The only people with the power to shut down Trump were those sitting at the top of the Republican Party. Mike Murphy, the GOP strategist who ran a PAC for Jeb Bush’s ill-fated campaign, divided his fellow Republican elites into three categories: “Vichy Republicans,” who went along with Trump and the party base enamored of him; “Survival Republicans,” who tried to remain as neutral as Switzerland; and “Resistance Republicans,” who actively battled his nomination. Murphy might well have been paraphrasing the writer Andrew Nagorski, whose 2012 book Hitlerland similarly categorized the influential Americans, from diplomats to businessmen, who cycled in and out of Nazi Germany in the 1930s as Hitler consolidated his power: “Some of these Americans demonstrated remarkable courage and prescience, while others stood back and averted their gaze, or, in a few cases, collaborated outright with the new regime.”

Who were/are those “others”, the “Vichy Republicans”, the “Survival Republicans”?

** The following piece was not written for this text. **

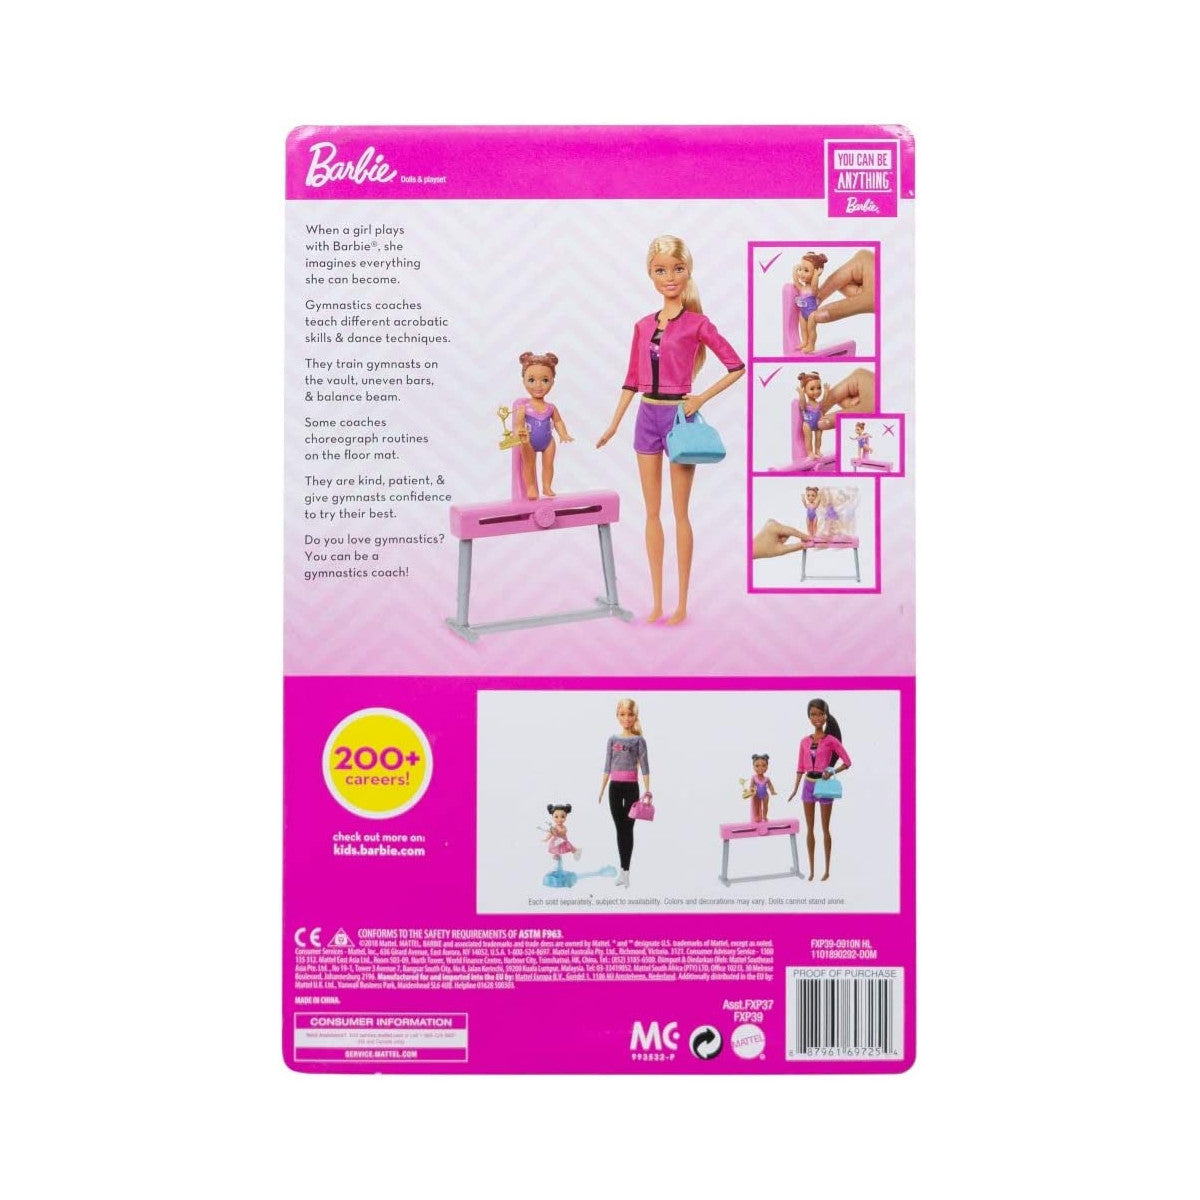 Barbie Careers Doll - Gymnastics Coach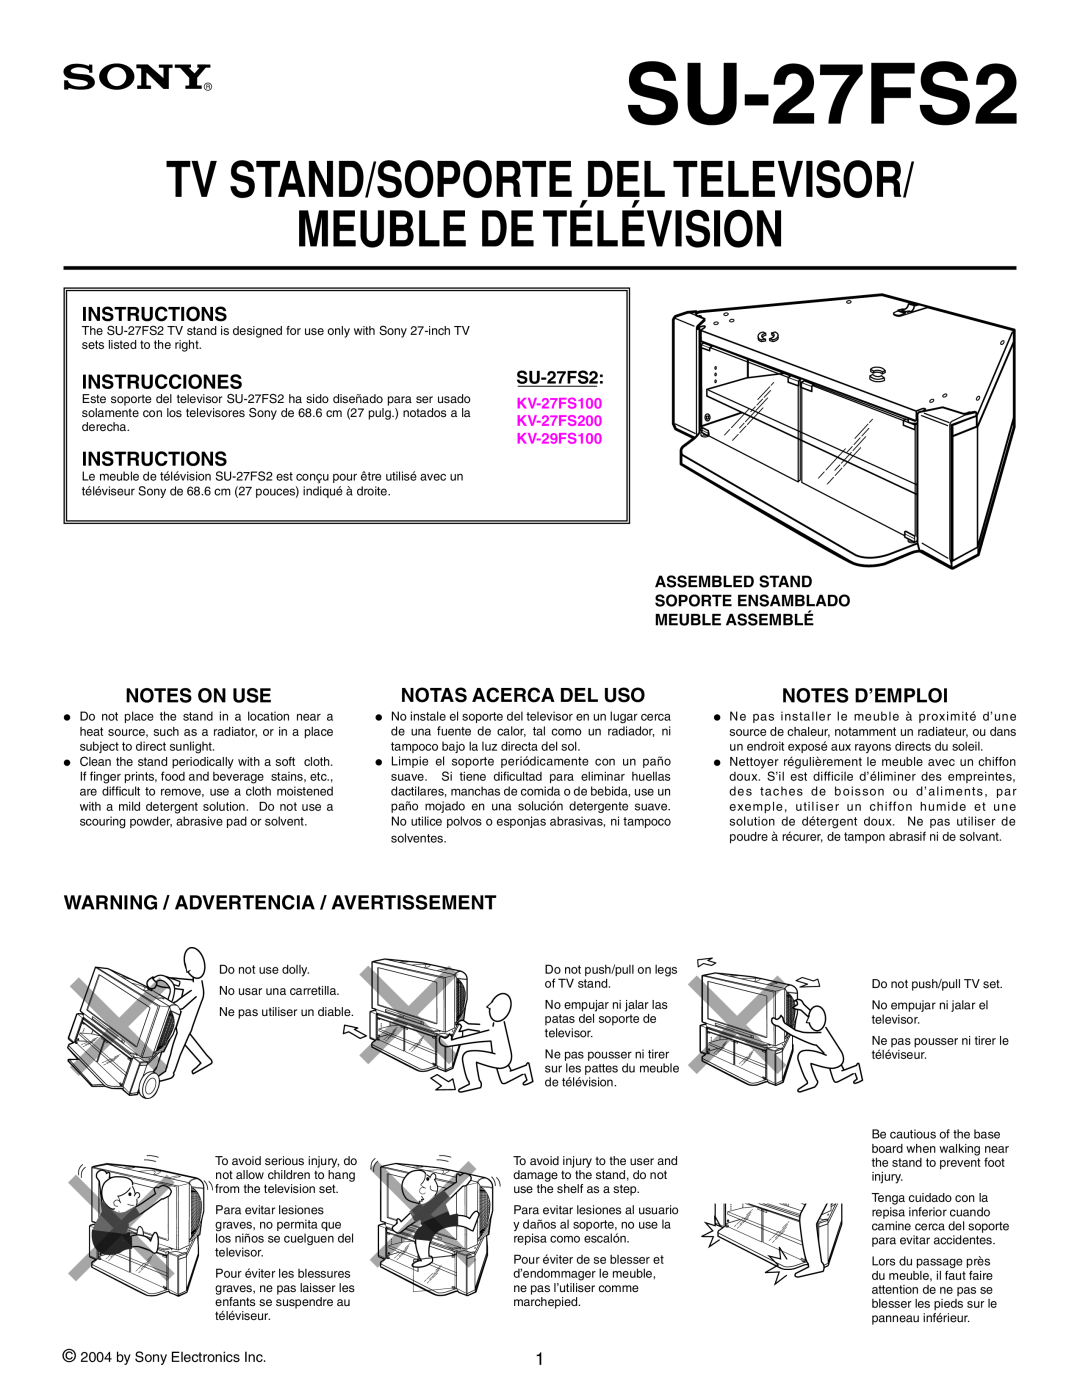 Sony SU-27FS2 manual Meuble De Télévision, Tv Stand/Soporte Del Televisor, Instructions, Instrucciones, Notes On Use

Unfortunately for America, those with real clout in the GOP were without exception Vichy, not Resistance, Republicans: the current leadership of both chambers of Congress (Paul Ryan, Mitch McConnell), the party chair (Reince Priebus), and the incumbent senators with national followings (John McCain, Ted Cruz). Not to mention their big donors. These collaborators, in contrast to the conservative pundits and out-of-power Republicans of the Resistance, did have the means to derail Trump. For them to do so would have required the guts to defy a mob in their own party and to summon the sacrifice, strategy, and cunning that constitute leadership. They would have had to risk their own political necks and take hits from their own constituents. They would have had to persuade vanity candidates fracturing the anti-Trump vote, like John Kasich, to drop out. Woulda, coulda: They mustered none of the above. They failed to unite around a candidate who might have stopped Trump in the primaries. No matter what slur Trump disgorged, they failed to act, even when they were the specific targets of his insults. They failed to rally around any plan, however risky or potentially divisive within the party, for challenging Trump at the convention in Cleveland. Indeed, with the exception of three incumbent senators not up for reelection (Ben Sasse of Nebraska, Jeff Flake of Arizona, Lindsey Graham of South Carolina) and a handful of retro GOP moderates and retiring members in the House, every Republican holding office in Washington remained in the Vichy and Survival camps until long after Trump had locked up the nomination. This hall of shame includes supposedly mainstream northeastern Republicans like Long Island representative Peter King, who after the first debate applauded Trump for exhibiting “the feistiness that I think 51 percent of the American people will like.” And it includes “reaching across the aisle” types often celebrated by centrist pundits as putting country over party. Witness Bob Corker of Tennessee, the ostensibly adult chair of the Senate Foreign Relations Committee: He entertained a brief flirtation with the idea of serving as Trump’s running mate and praised Trump’s notably ludicrous late-April ­foreign-policy address for its “broadness” and “vision.”

Ufortunately, there is another parallel to Hitler’s pre-War Germany.

The Trumpists are more radical than Goldwater’s or Reagan’s followers were. They are building their own burgeoning Breitbart–Roger Ailes media empire and are primed to disregard the results of a “stolen” election in which the loser may not concede. The “Second Amendment people” that Trump egged on are already talking openly about rebellion and assassination after a Clinton victory. The damage they may inflict on the country, let alone the Republican Party and the homegrown Nigel Farage–like leaders they may rally around, is yet to be determined. As Steve Schmidt, the former ­McCain campaign strategist and a #NeverTrumper, told the Washington Post, the postelection GOP will “look like Berlin circa 1945.”

May the election end better than that.